Anagha Kulkarni and Mahesh Joshi
M.S. students in Computer Science
University of Minnesota, Duluth
(Practice talks for IICAI conference in Pune, India, Dec 2005)

Tuesday, December 13, 2005
4pm, HH 302

TITLE:
------
Name Discrimination and Email Clustering using Unsupervised Clustering and 
Labeling of Similar Contexts 

AUTHORS:
--------
Anagha Kulkarni and Ted Pedersen

ABSTRACT:
---------
In this paper, we apply an unsupervised word sense discrimination 
technique based on clustering similar contexts (Purandare and Pedersen, 
2004) to the problems of name discrimination and email clustering. Names  
of people, places, and organizations are not always unique. This can  
create a problem when we refer to or seek out information about such  
entities. When this occurs in written text, we show that we can cluster 
ambiguous names into unique groups by identifying which contexts are similar 
to each other.

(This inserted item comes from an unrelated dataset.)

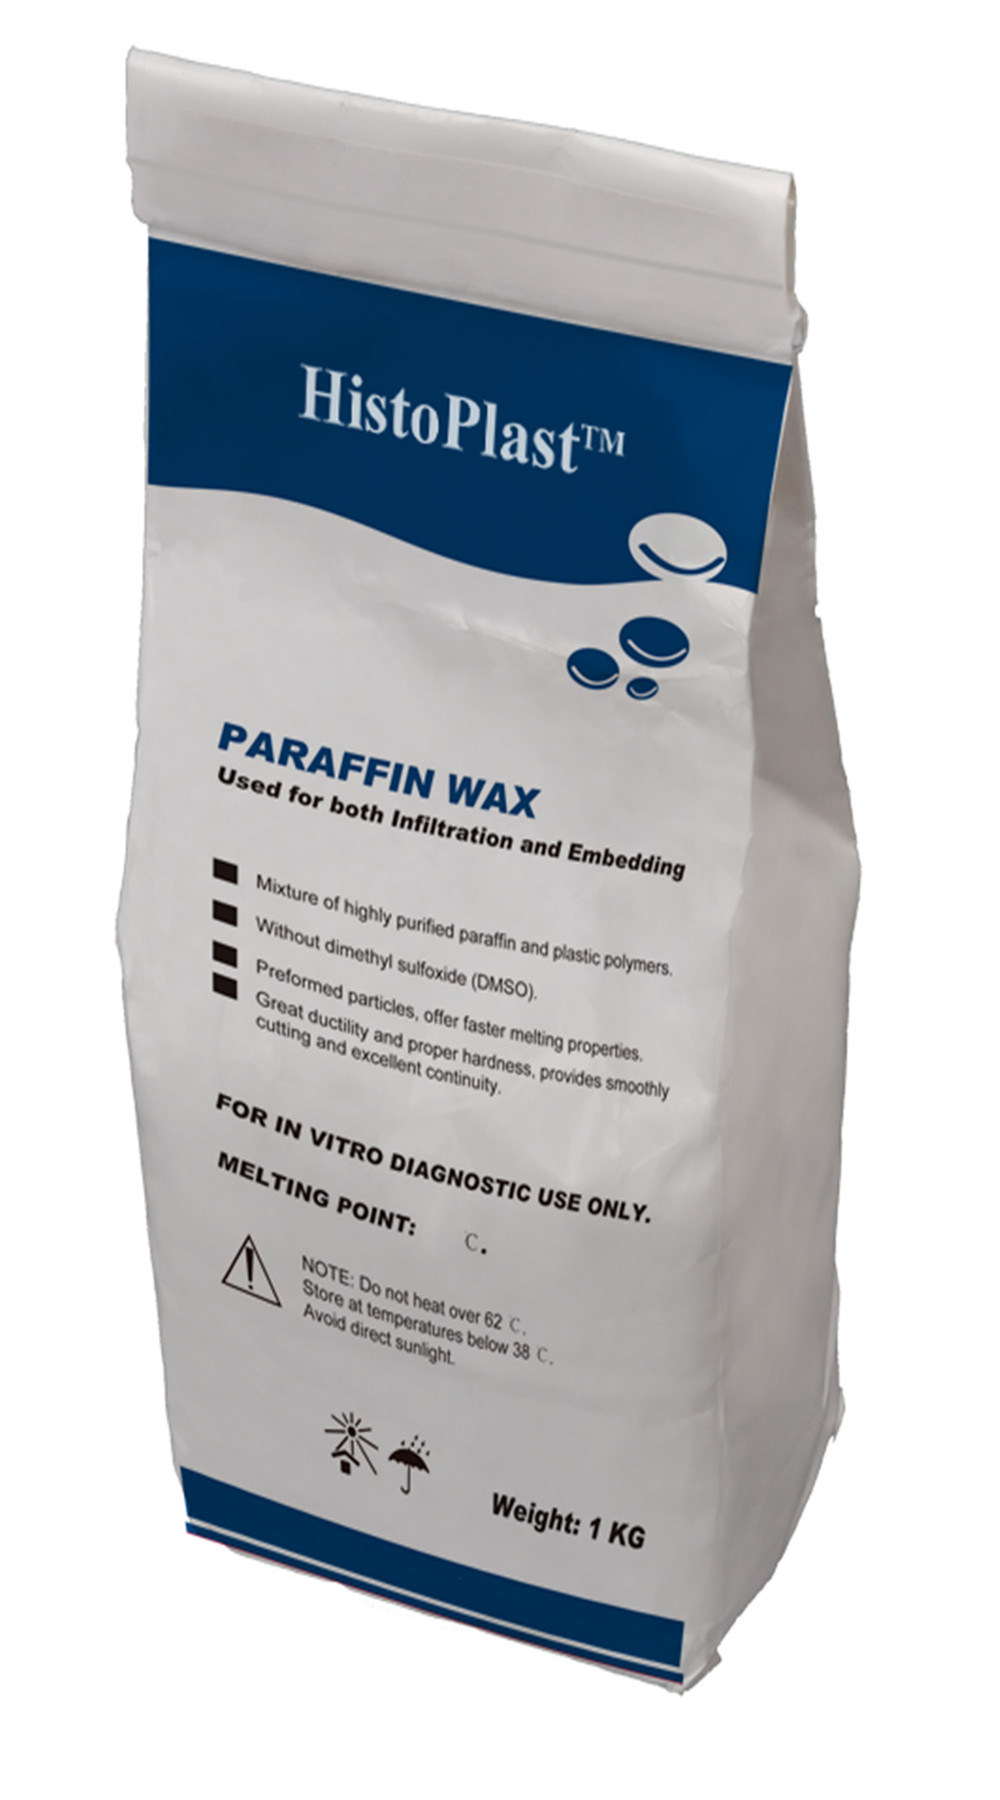 Histoplasttm Paraffin Wax

It has been previously shown by  (Pedersen, Purandare, and  
Kulkarni, 2005) that this approach can be successfully used for  
discrimination of names with two-way ambiguity. Here we show that it can 
be extended to multiway distinctions as well. We adapt the cluster 
labeling  technique introduced by (Kulkarni, 2005) for the multiway 
distinctions of name discrimination. On the similar lines of contextual 
similarity, we also observe that email messages can be treated as  
contexts, and that in clustering them  together we are able to group them  
based on their underlying content rather than the occurrence of specific 
strings.

TITLE:
------
A Comparative Study of Support Vector Machines Applied to the Supervised 
Word Sense Disambiguation problem in the Medical Domain

AUTHORS:
--------
Mahesh Joshi, Ted Pedersen, and Rich Maclin

ABSTRACT:
---------
We have applied five supervised learning approaches to word sense
disambiguation in the medical domain. Our objective is to evaluate
Support Vector Machines (SVMs) in comparison with other well known
supervised learning algorithms including the naive Bayes classifier,
C4.5 decision trees, decision lists and boosting approaches. Based on
these results we introduce further refinements of these approaches.
We have made use of unigram and bigram features selected using different  
frequency cut-off values and window sizes along with the statistical  
significance test of the log likelihood measure for bigrams. Our results  
show that overall, the best SVM model was most accurate in 27 of 60 cases,  
compared to 22, 14, 10 and 14 for the naive Bayes, C4.5 decision 
trees, decision list and boosting methods respectively.